Bangladesh’s Own Liberation Theology: A Nation of Small Farmers?
The history of agrarian East Bengal that I have summarised was however at odds with an emerging nationalist self-image through the 1950s and 1960s, as the territory’s regional colonial status within Pakistan was challenged. Nested within the language movements and student protests was an existentialist proposition contrasting a small peasantry exploited at the hands of “Punjabi” landed and commercial interests. The nationalist case was to be advanced through a solidaristic liberation ideology of a nation of oppressed small farmers.
This “nation of small farmers” proposition, very strongly and understandably associated with the framing of struggle between Bengali primary producers and a Punjab-dominated West Pakistan, was a powerful mobilising construct – an alliance in East Pakistan between an oppressed peasantry and a frustrated petty bourgeoisie (students, civil servants, and urban trading classes) experiencing low, colonially imposed ceilings on aspirations (Jahan 1973).
However, with its implied homogeneity, this framing did ultimately get in the way of a proper understanding of agrarian Bangladesh. The distortion was unwittingly stimulated by the otherwise progressive “Cumilla” initiative from 1959 onwards.22 The research and action-research embedded in the Cumilla programme of farmer cooperatives, the Krishi Samabaya Samity (KSS), advanced the small peasant or minifundist image that was projected on to the country as a whole and underpinned the nationalist stance. The flaw lay in the failure to appreciate the uniqueness of the Cumilla–Dhaka belt in terms of its topography and crop-carrying capacity, with double-cropping as a norm and triple-cropping also widespread in the area. This rich natural resource base for agriculture and horticulture over many decades had stimulated a greater population density than elsewhere in the country, leading to what I refer to as “squared fragmentation,”23 and then more intensive cultivation. A “large” farmer in the belt in the mid-1970s would have no more than five acres, and there were not many such farmers.
There were four problems in projecting this image of the independent, small, virtually subsistence-level farmer on the rest of the country (see Abdullah and Nations 1974). First, it implied, incorrectly, that there were no significant class divisions in the belt itself, thus constituting a strong social base for inclusive cooperatives (the KSS). Secondly, the Cumilla domination of agrarian research in political discourse meant that evidence of variation in this image was insufficiently revealed at the national level, offering a false looking-glass. Thirdly, the socio-economic conditions in other parts of the country, especially “North Bengal,” were almost the opposite of those in the Cumilla–Dhaka belt, with larger holdings, tenants, and landless agricultural labouring classes. It was more proximate to the fading zamindari structures, as described above. Fourthly, the extent of landlessness was only revealed in 1977 by the Januzzi and Peach study (GoB 1977). The earlier understanding underwent a paradigm shift. Within the rural population of almost 90 per cent, approximately 50 per cent were functionally landless in having less than 10 decimals of land, and therefore living significantly below subsistence unless employed. Neither the Cumilla experience nor the liberation image of a nation of small farmer families with shared interests captured the third and fourth points above.

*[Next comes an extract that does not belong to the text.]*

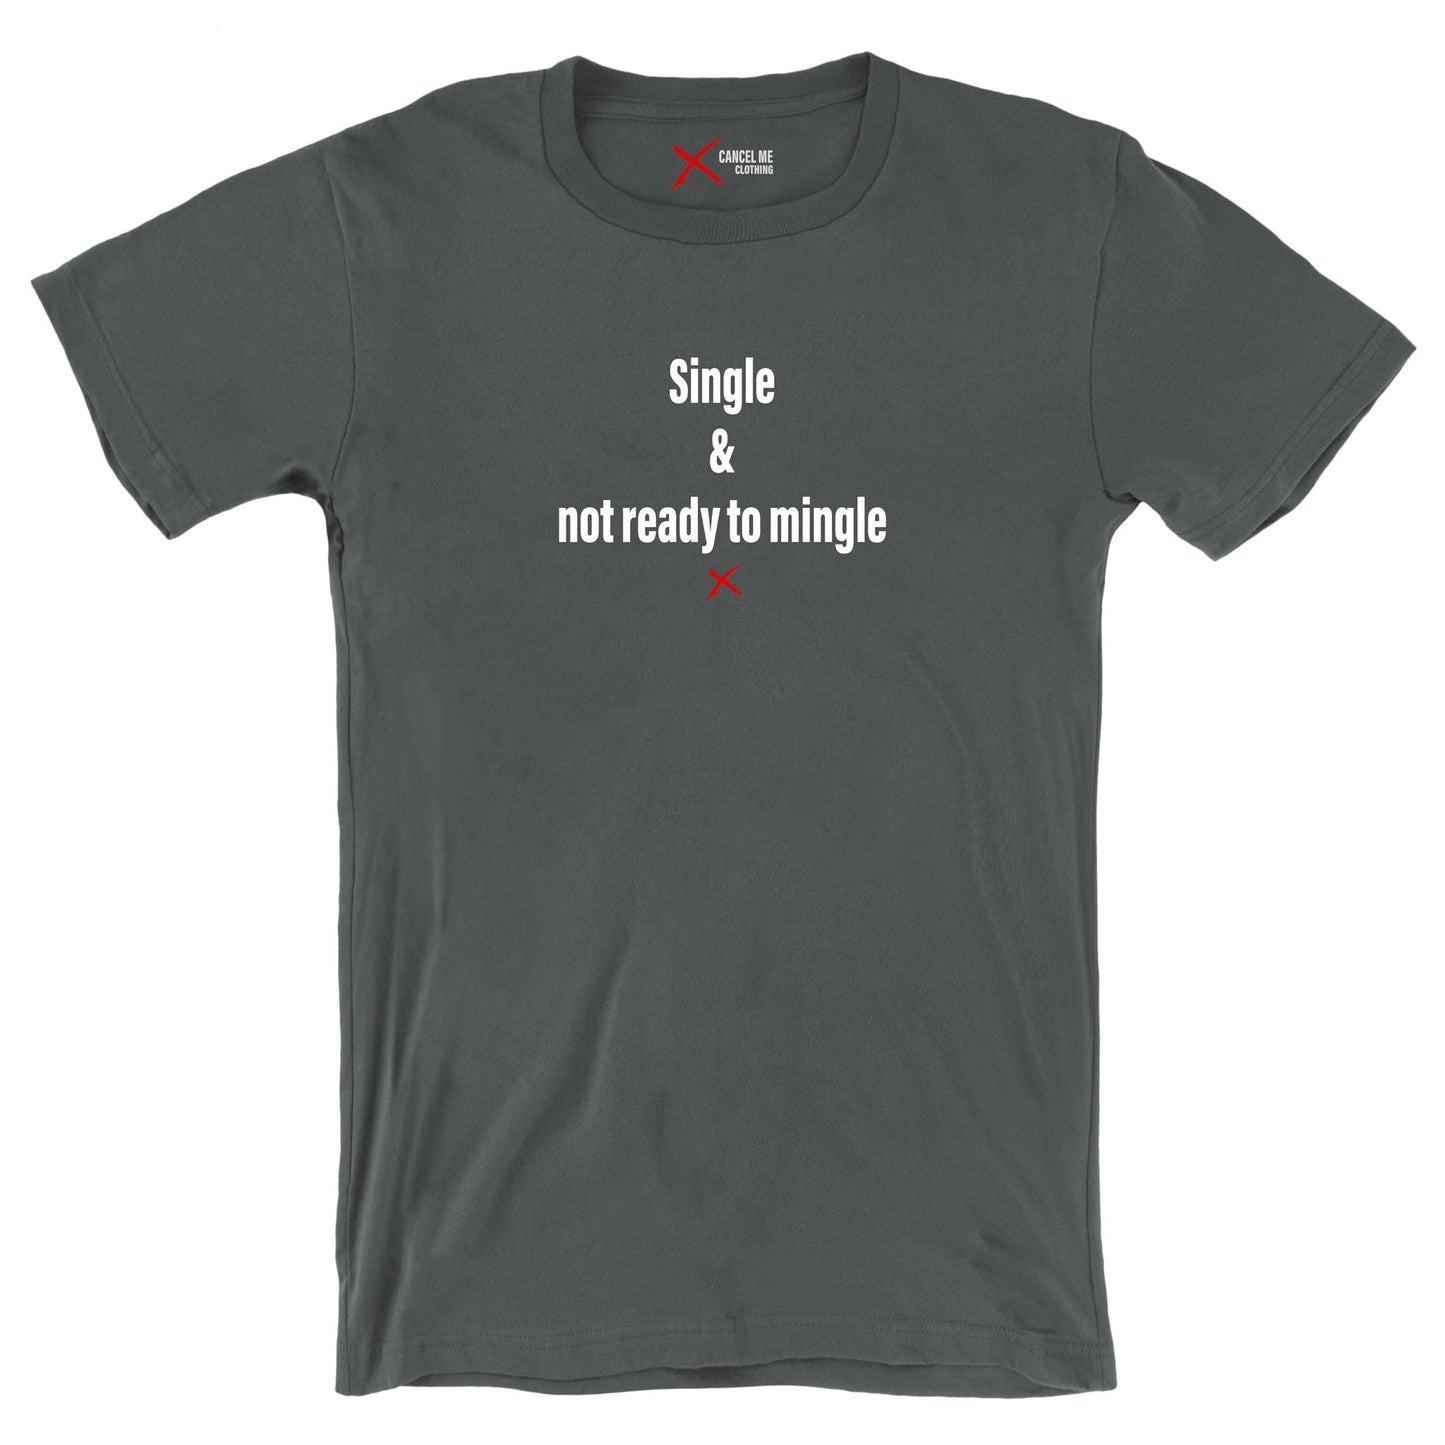 Single & not ready to mingle - Shirt

We are confronted, therefore, with the “limitations of the special case” in understanding agrarian Bangladesh well into the 1990s. The founding assumptions of what became known as the “Cumilla model” were overprivileged in the formation of an agricultural and rural development strategy for the whole country, which continued to construct the idea of the small and marginal Bangladeshi farmer as the primary agricultural actor in the country.
Taking the first problem noted above, the evidence from the Cumilla–Dhaka belt was itself misleading in assuming insignificant class divisions in the belt. Anthropologists like Bertocci (1972 and 1977) working alongside the Cumilla Academy during the 1960s had pointed out some divisions through the notions of structural fragmentation and “cyclical kulakism”24 – essentially a churning of fortunes as the land of richer peasants became divided through multiple inheritance, thus establishing a process of rotating inequality which might enable the KSS to be adequately inclusive. Akter Hameed Khan, the founder of the Academy in 1959, himself detected power divisions within the KSS and embarked upon a “Tour of 20 Thanas” in 1970, just before hostilities and the genocide forced him to leave (Khan 1971). His “belt-based” report indicated that all was not well with the homogenous small peasant image. These concerns prompted the commissioning of a study entitled Exploitation and the Rural Poor (Huq 1976). In that volume, several village studies (mine was on “Bandakgram”) revealed the unequal class relationships even within this minifundist setting which were not cyclical, but rather reflected “kulakism” through the rich family’s acquisition of land (usually via bandak25) and consolidation of such holdings by diverting non-land-inheriting sons into small town businesses and government employment. The KSS was clearly being captured, and the best land and loans (Blair 1978) were increasingly concentrated in few hands. But these processes were not apparent to a casual outsider, and were acted out slowly over time, with landlessness effectively disguised by insecure tenancy often on mortgaged-out land which would eventually be lost.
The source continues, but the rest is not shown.